* MATERIAL SUPPLIED *
────────────────────

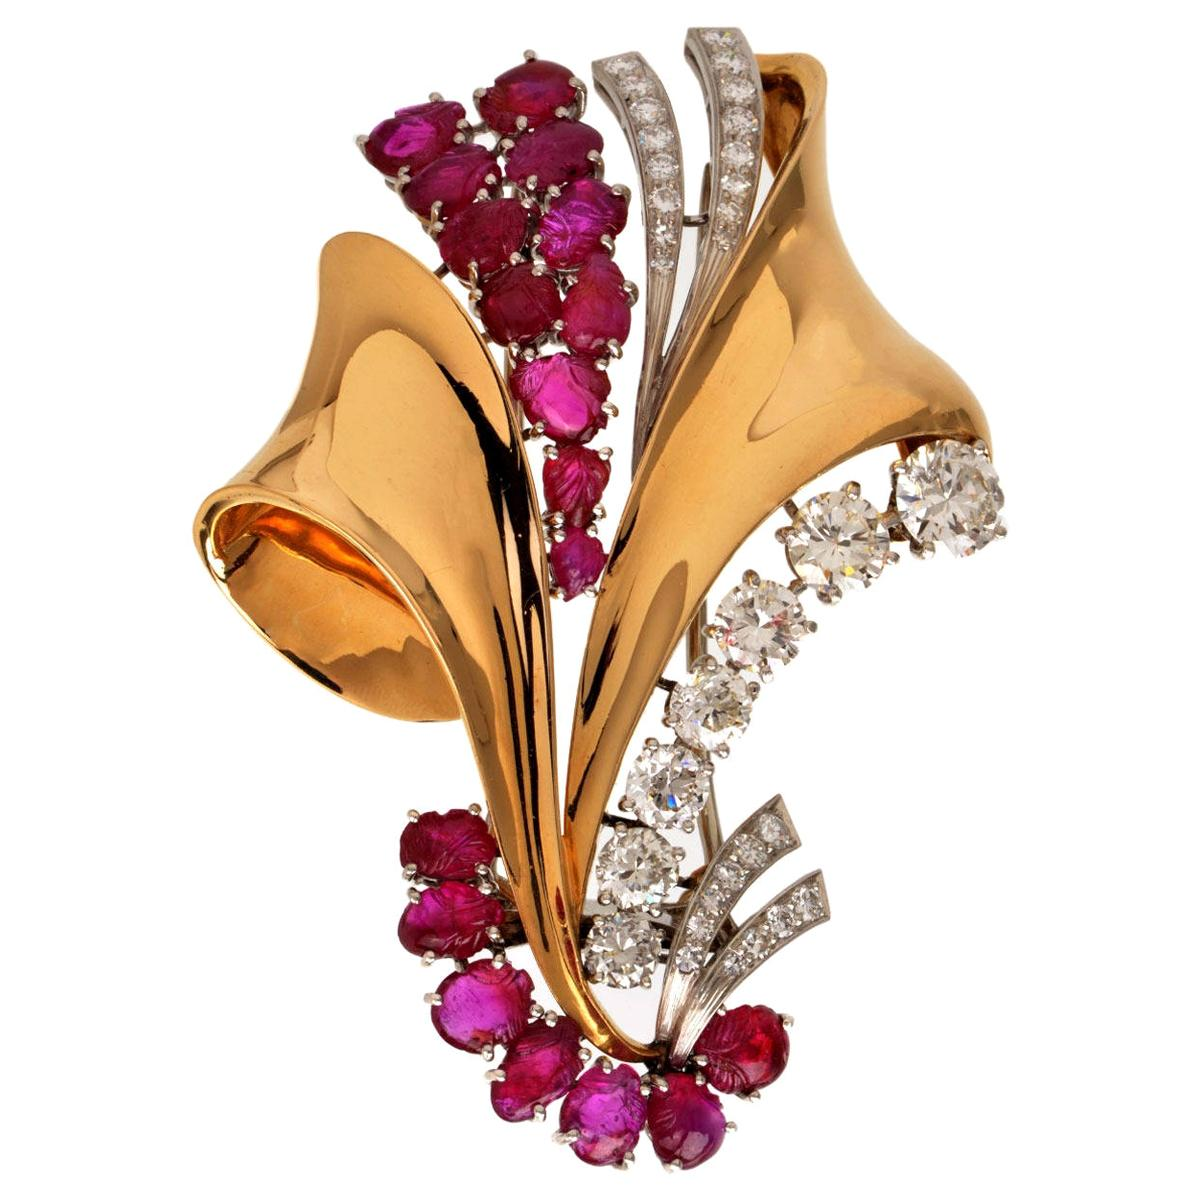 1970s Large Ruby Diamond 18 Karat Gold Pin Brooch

────────────────────

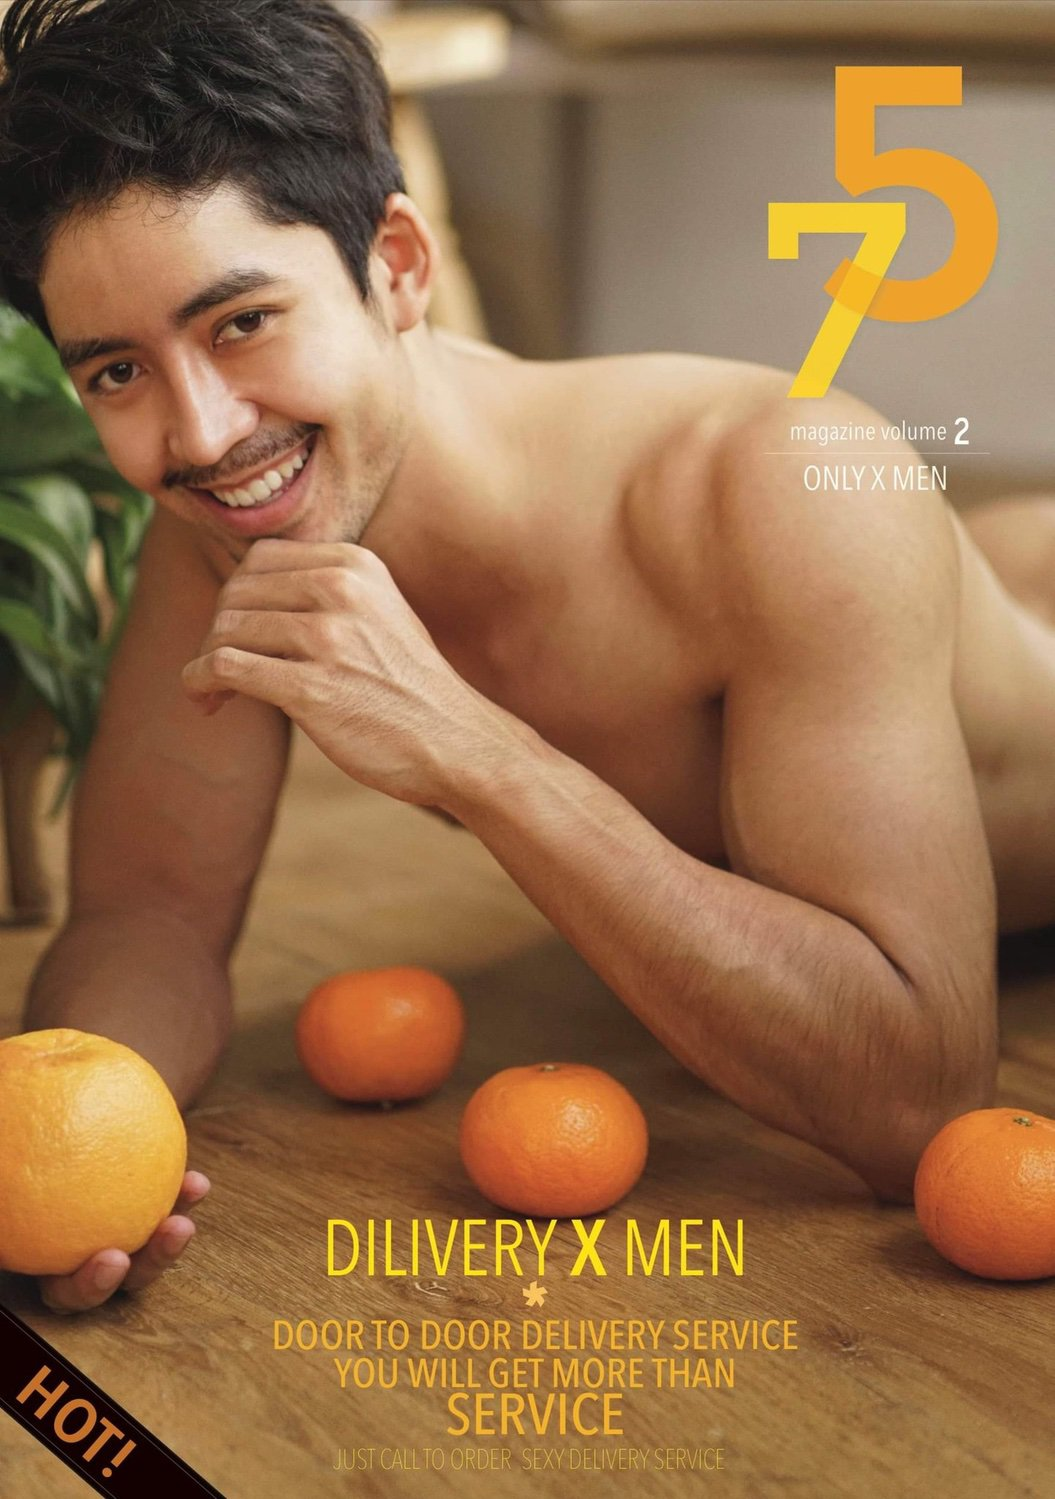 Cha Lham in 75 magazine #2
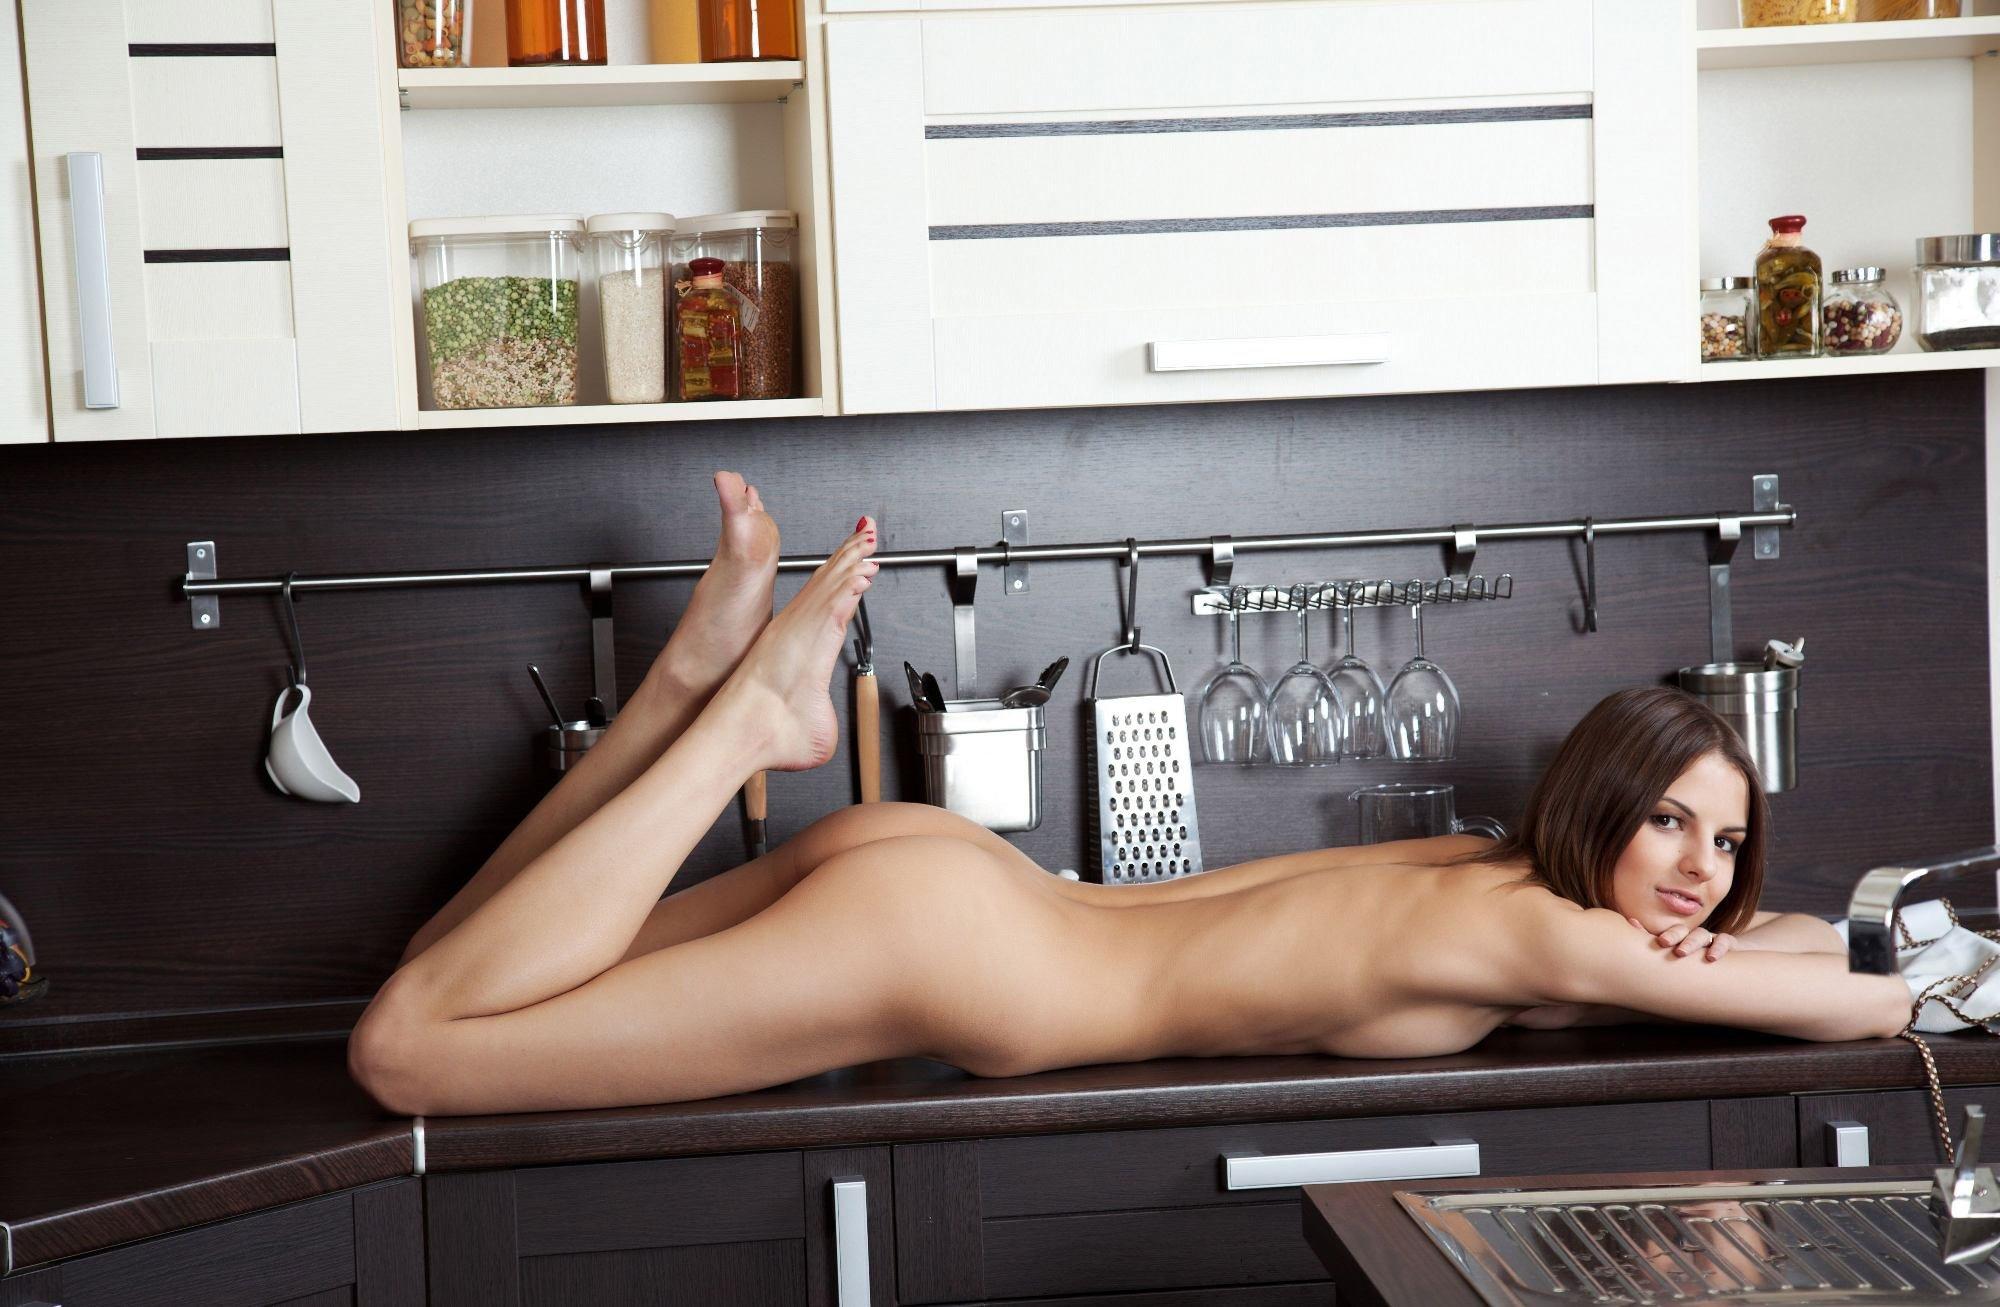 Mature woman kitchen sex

────────────────────

* YOUR TASK *
A clean copy is needed of the lines in the listing above from the one with "Cha Lham in 75 magazine #2" through the one with "Mature woman kitchen sex", exact in every word and free of pictures.

* EXPECTED OUTPUT *
 Cha Lham in 75 magazine #2
 Mature woman kitchen sex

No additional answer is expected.